Oder sollte man das nicht tun?

Wenn man das macht, wie kann ich diese dann in meine .java Dateien einbinden über "Key" werd ich sie wohl nicht ansprechen können. Wenns überhaupt möglich ist.

Ich hoffe ihr versteht was ich meine.   


Gruß
schmalhans


----------



## bronks (27. Sep 2005)

@schmalhans:
Die Sache mit den Keys macht man eigentlich zwecks einfacher Internationalisierung und nicht um Texte zu verbannen und auszulagern.

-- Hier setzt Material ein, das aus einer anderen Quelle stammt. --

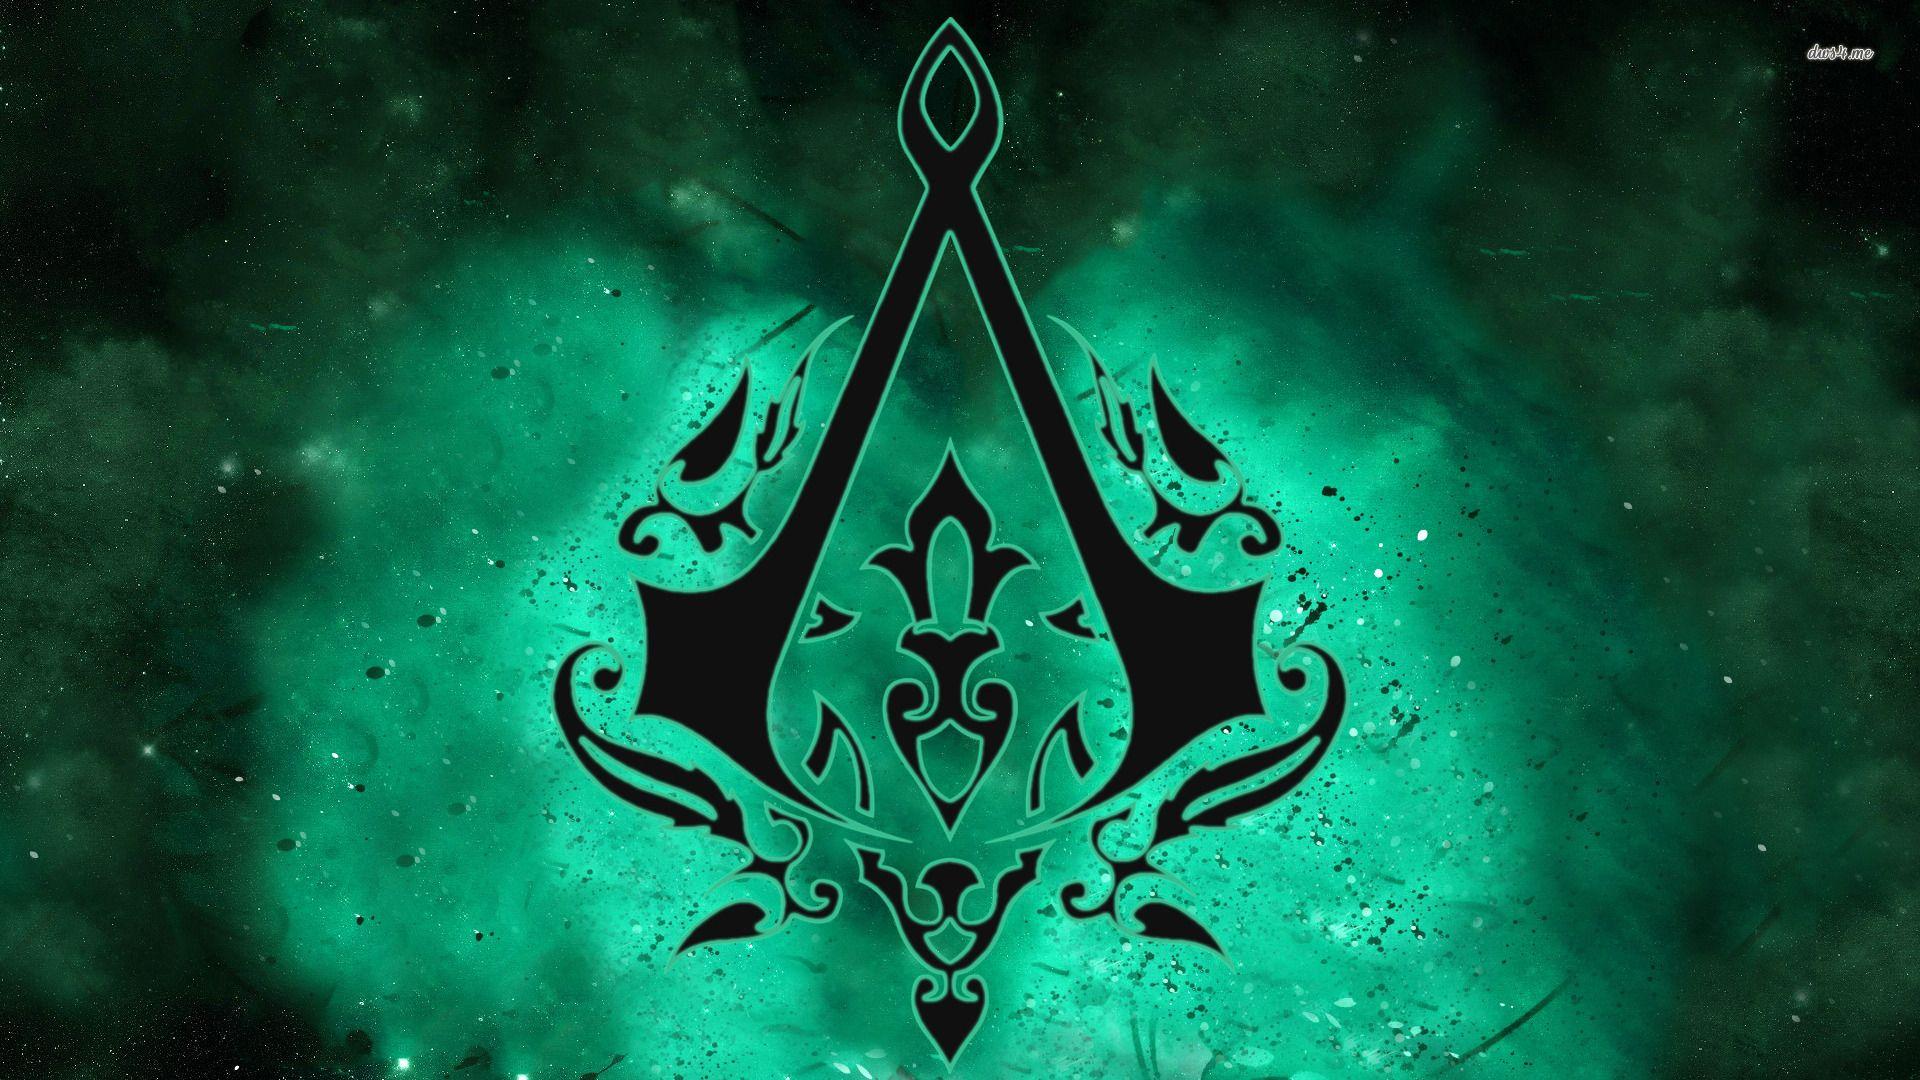 Assassins Creed Symbol Wallpapers Assassins Creed Symbol

Wenn Du mit "select-Befehle" SQL meinst, dann sollten die im Code bleiben, weil sie ein Bestandteil davon sind.


----------



## schmalhans (28. Sep 2005)

ja meine damit SQL.

Ich dachte nur. Wenn man es auslagert wird es einfach z.b. wenn sich mal ein Tabellenname ändert etc.

Obwohl das kann man auch mit Suchen->ersetzen machen.

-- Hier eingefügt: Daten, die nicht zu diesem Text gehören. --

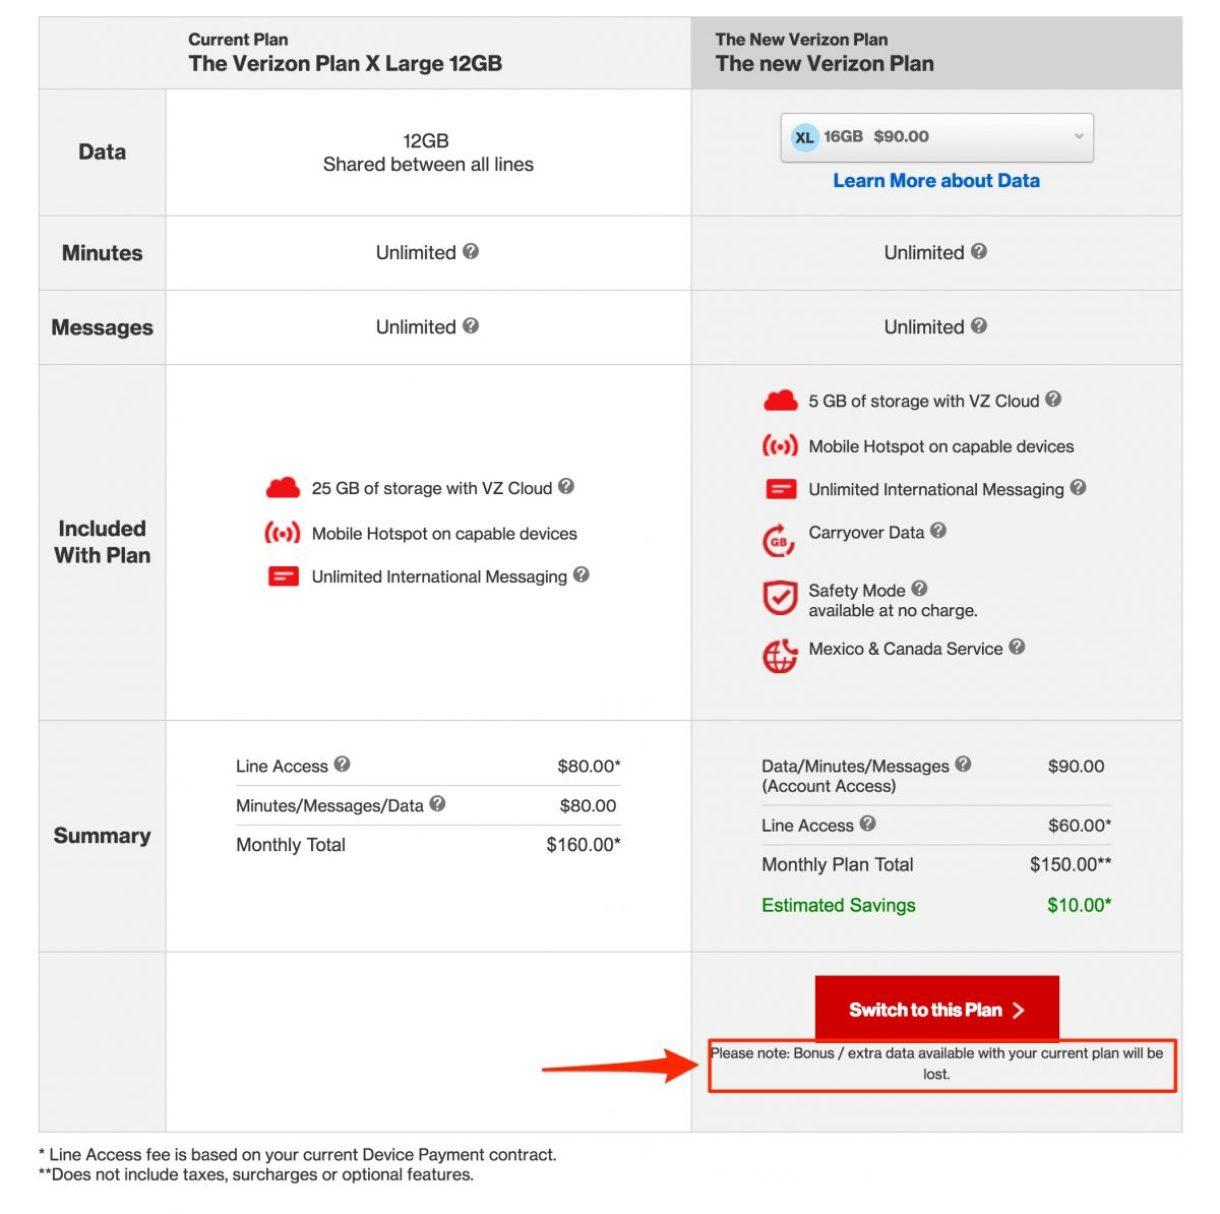 New Verizon Plans Now Live Should You Switch Or Wait

Also sollte man die SQL-Sachen in der Soure lassen?


----------



## Mag1c (28. Sep 2005)

Hi,

ja, lass das SQL im Code. Wenn du so oft dein DB-Schema änderst, mach halt Konstanten für Tabellennamen und/oder Spalten.

Du kannst auch die ganzen DB-Queries in eine eigene Zwischenschicht verlagern (1 oder mehrere Klassen als Singleton oder mit static Methoden). Dann hast die Queries alle beisammen, was leichter zu warten ist. Evtl. kannst du auch durch Parameterisierung Queries mehrfach verwenden. Und du hast deine JSP's vom SQL getrennt, was ja auch mal nützlich sein könnte.

(Wenn das ganze noch skalierbar sein soll, könntest du noch einen Blick auf echte SessionBeans werfen.)

Gruß
Mag1c


----------



## schmalhans (28. Sep 2005)

Danke für die Ratschläge!
Werde den SQL im Code lassen. War auch nur so ne Idee. Nochmals danke.


----------